In the English courts, some very nice distinctions have been *77taken between a legacy to the next of kin, and a legacy to the next of kin according to the statute of distributions. Emsley v. Young, 2 Myl. & K. 82. Withy v. Mangles, 10 Clark & Fin. 215. So that it is held that under the phrase “ next of kin ” merely, the father of a testator would take equally with the son. And the refinements of construction have been carried so far that Lord Campbell, in Withy v. Mangles, rather bluntly remarks that “it is impossible to deny that the law has, by some bad luck, got into ■ a strange state.” But when the testator refers to the statute of distributions, the best authorities lead to the conclusion that the reference is to be made, not merely to determine the persons who are to take, but the quality of their estate. Horn v. Coleman, 1 Smale & Gif. 169. Hinckley v. McLarens, 1 Myl. & K. 27. Anon. 1 Madd. 36. Booth v. Vicars, 1 Colly. R. 6. In the last three cases the next of kin were held to take per stirpes.

In Flinn v. Jenkins, 1 Colly. R. 365, the language of the bequest was this: “ The remaining property to be equally divided between my two sons for their lives only, and then to be equally divided among their children when of age.” It was held that the children took per stirpes. And in the case of Phillips v. Garth, 3 Bro. C. C. 64, Buller, J. said : “ If it had pleased the court originally to say that next of kin should take in the same manner as under the statute, I should not have objected to it, for it seems to me they should take per stirpes.”

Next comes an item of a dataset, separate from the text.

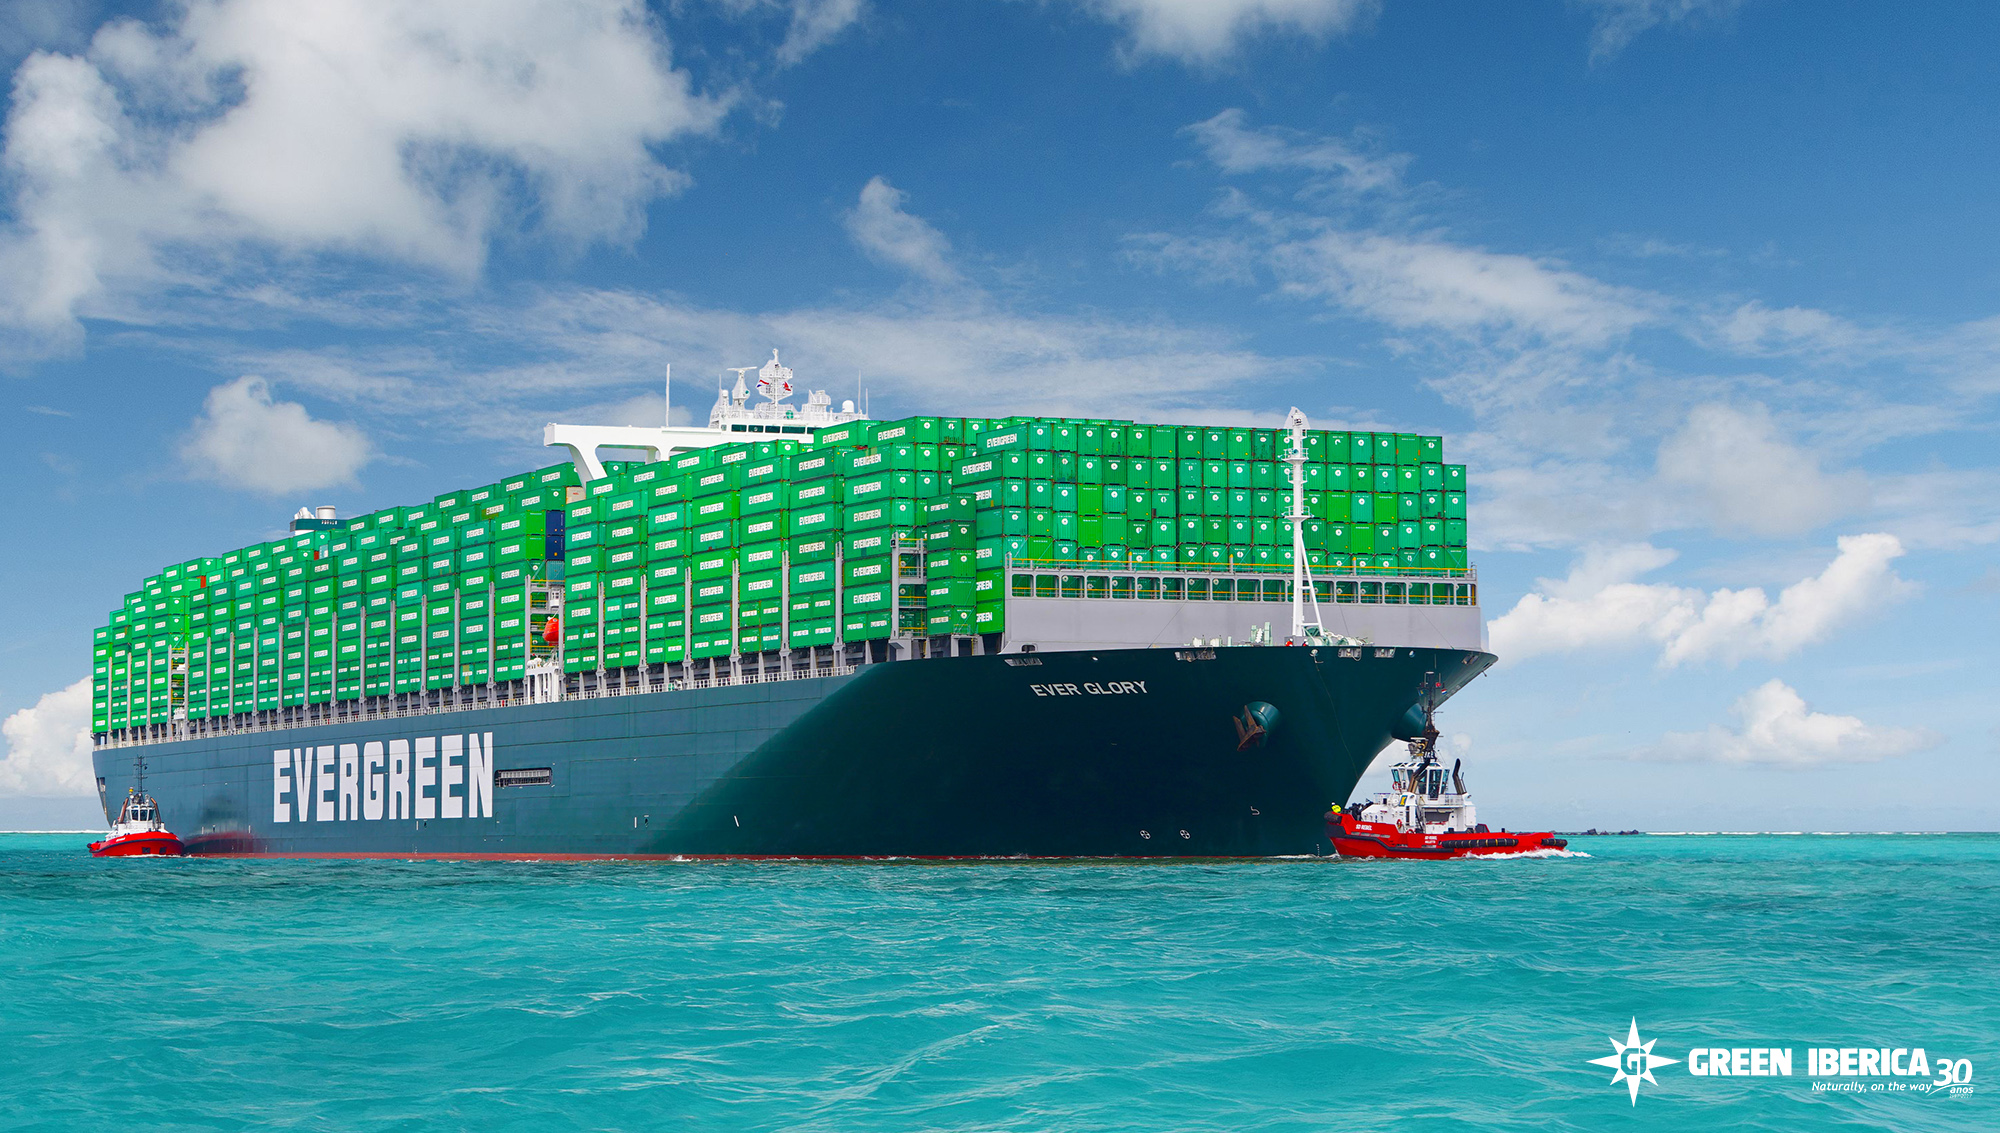 Ever Glory Ship, Evergreen, Green Ibérica
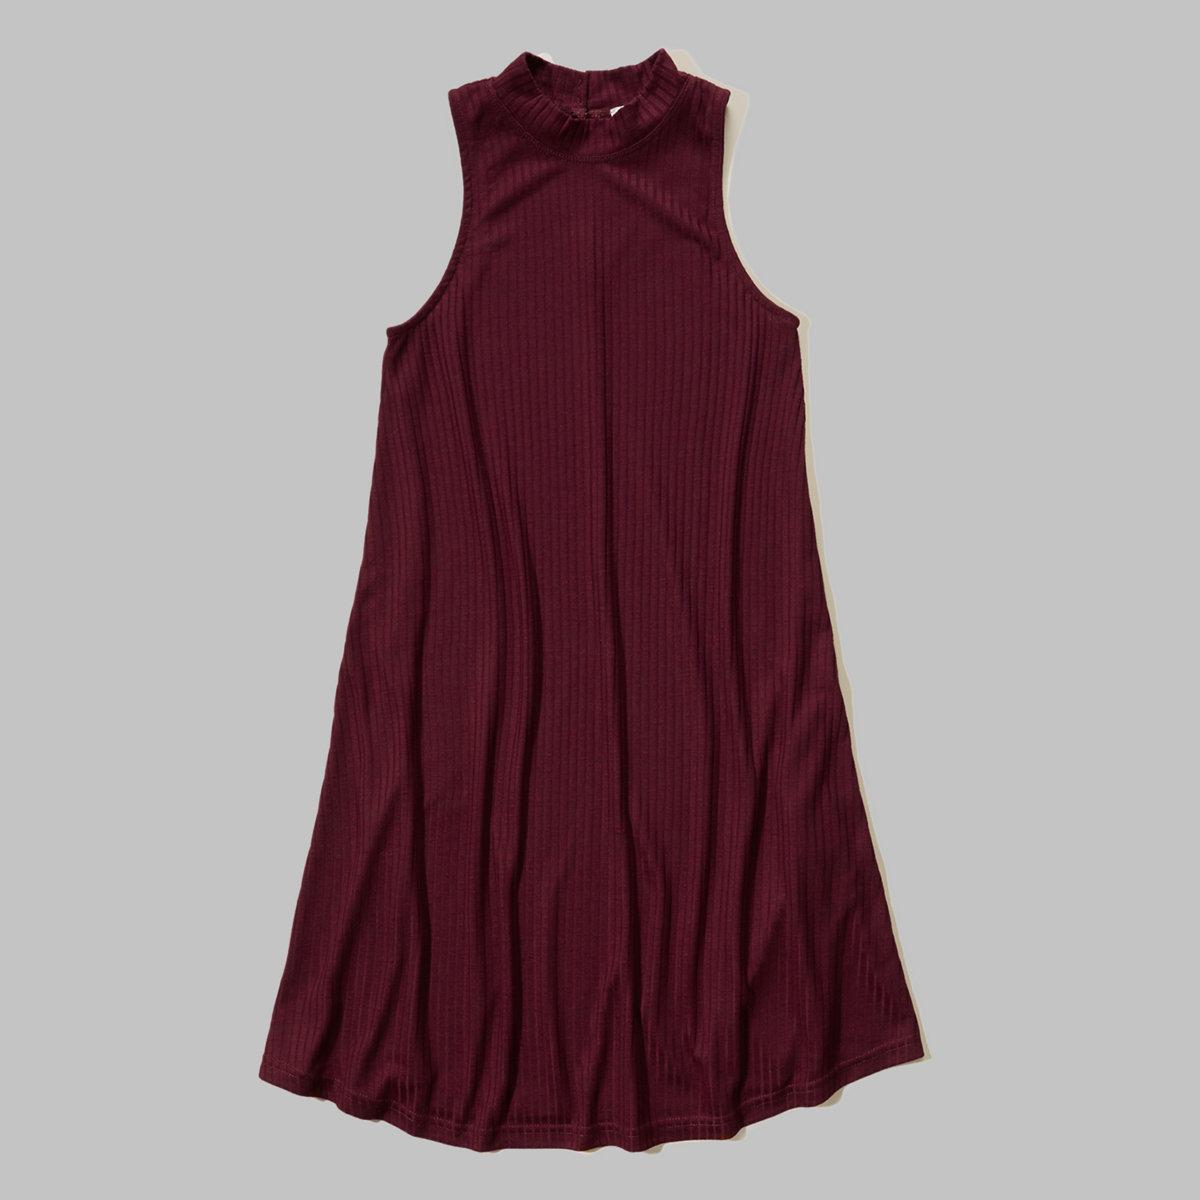 Ribbed Mock Neck Swing Dress

In this commonwealth we find no authority which would conflict with the adoption of the construction which seems to us reasonable, that when the word “ heirs ” is used in a gift of personalty, it should primarily be held to refer to those who would be entitled to take under the statute of distributions, and to indicate that they should take in the same manner and in the same proportions as if it had come to them as intestate estate of the person whose “ heirs ” they are called. And in the case at bar, the addition of the words “ who may be the surviving heirs of the body” to the word “children” shows, as we think, an intention to qualify and explain the ordinary sense of the word “ children; ” that it was the meaning of the testator that *78it should thereby be made to include all the heirs of the body of Mrs. Kendall who should survive her; and that they should take in that capacity, in that right, and in the same proportions in which lineal descendants take the personal estate of an ancestor. There is nothing in the will to lead us to suppose that the testator intended to deprive one branch of his daughter’s family of any share in this legacy, because one grandchild might die before it became payable, it being wholly uncertain upon which the loss might fall. If it were understood that “ children” strictly were intended, the words “heirs of the body” add nothing to the meaning, because children are of course heirs of the body. But by construing “ children ” to mean all who should be heirs of the body, and treating' the added words as expressive of an intention that they should take as “ heirs of the body,” that is, as issue, with right of representation, effect is given to the whole language of the will.

A decree should therefore be entered that Josiah Kendall is entitled to one half of the legacy of two thousand dollars, and the children of Edwin Kendall, by right of representation, to the other half; and the costs of the litigation are to be paid from the fund.